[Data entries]
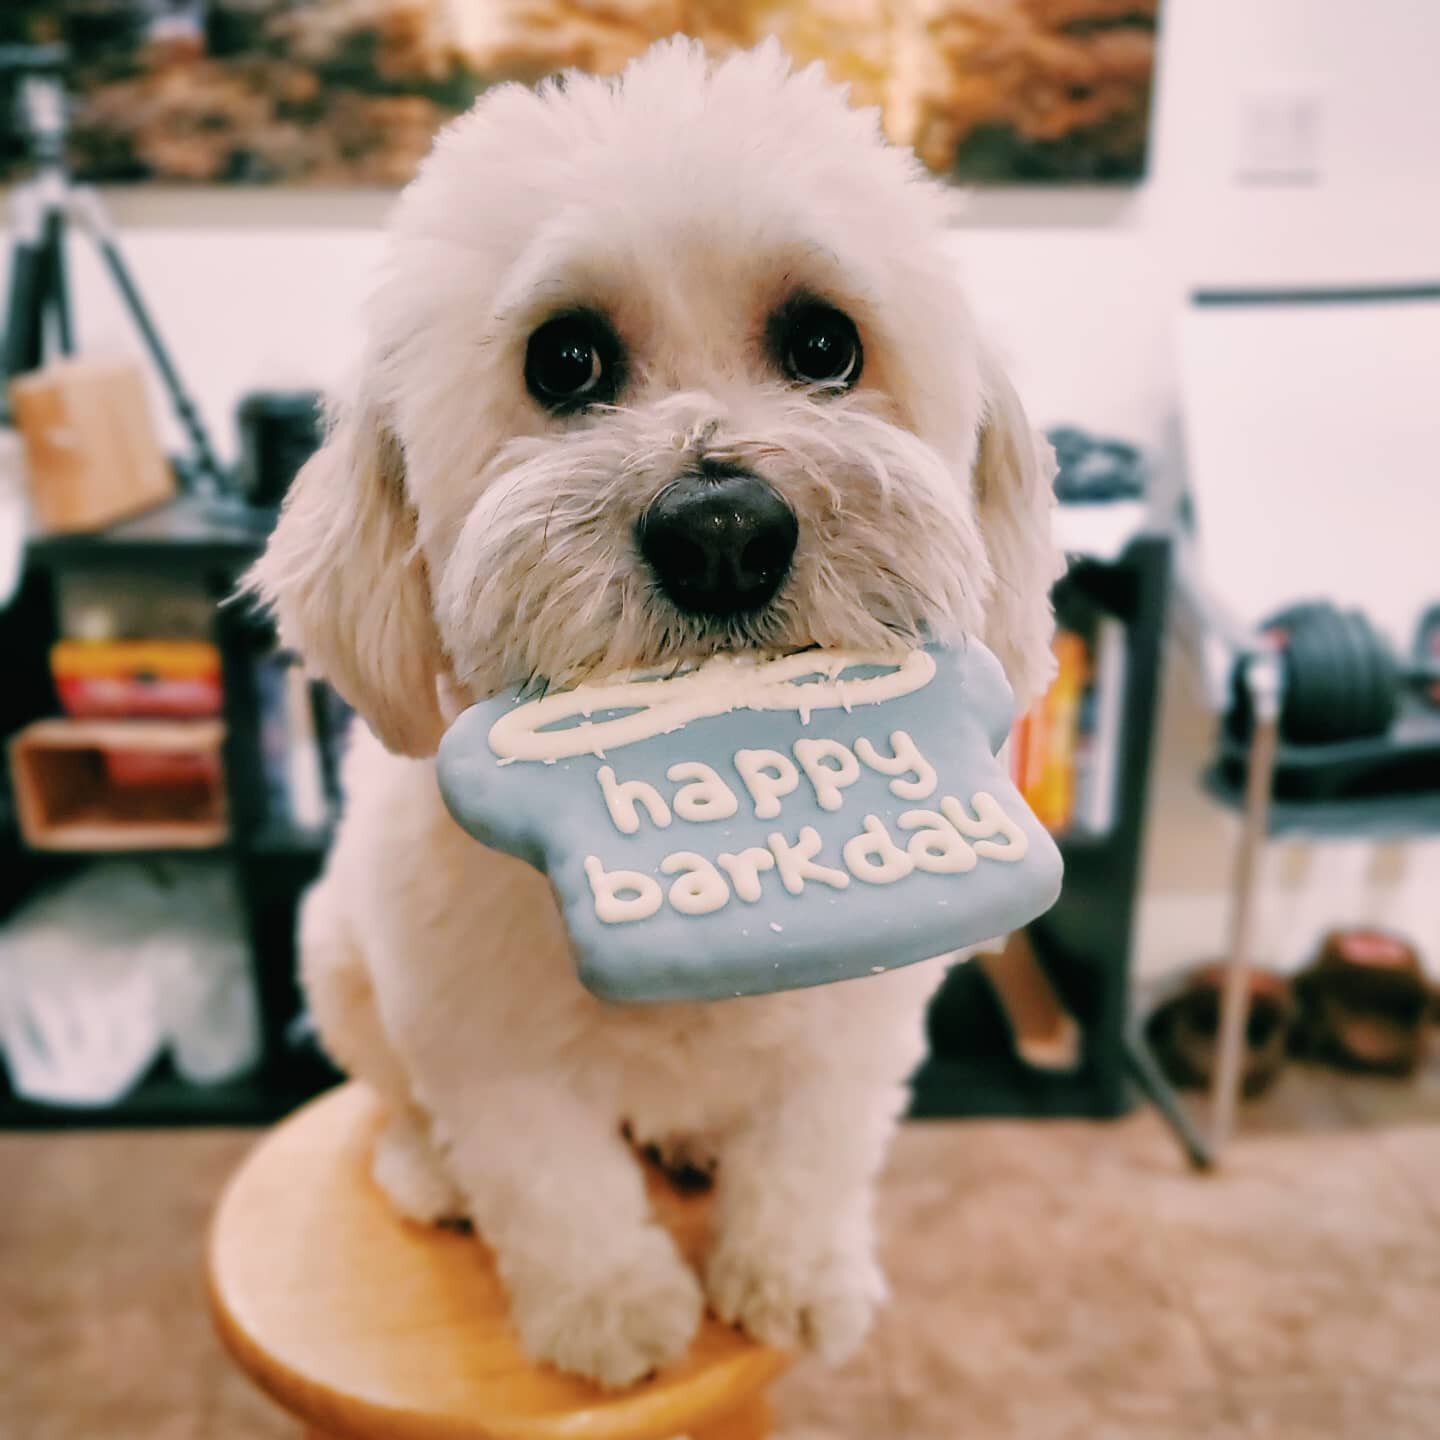 Guess which floofer turned 5 today?!?
.
.
.
.
.
.
#lhasaapso #lhasaapsosofinstagram #bichon #mixedbreed #puppers #doglover #dogsofinstagram #dogstagram #doggogram #puppy #doggo #dogtography #doggy #doggybirthday #doggobirthday #dogbirthday #puppylife

What you should do: Write out the data again word for word, minus any images.

Task output:
 Guess which floofer turned 5 today?!?
.
.
.
.
.
.
#lhasaapso #lhasaapsosofinstagram #bichon #mixedbreed #puppers #doglover #dogsofinstagram #dogstagram #doggogram #puppy #doggo #dogtography #doggy #doggybirthday #doggobirthday #dogbirthday #puppylife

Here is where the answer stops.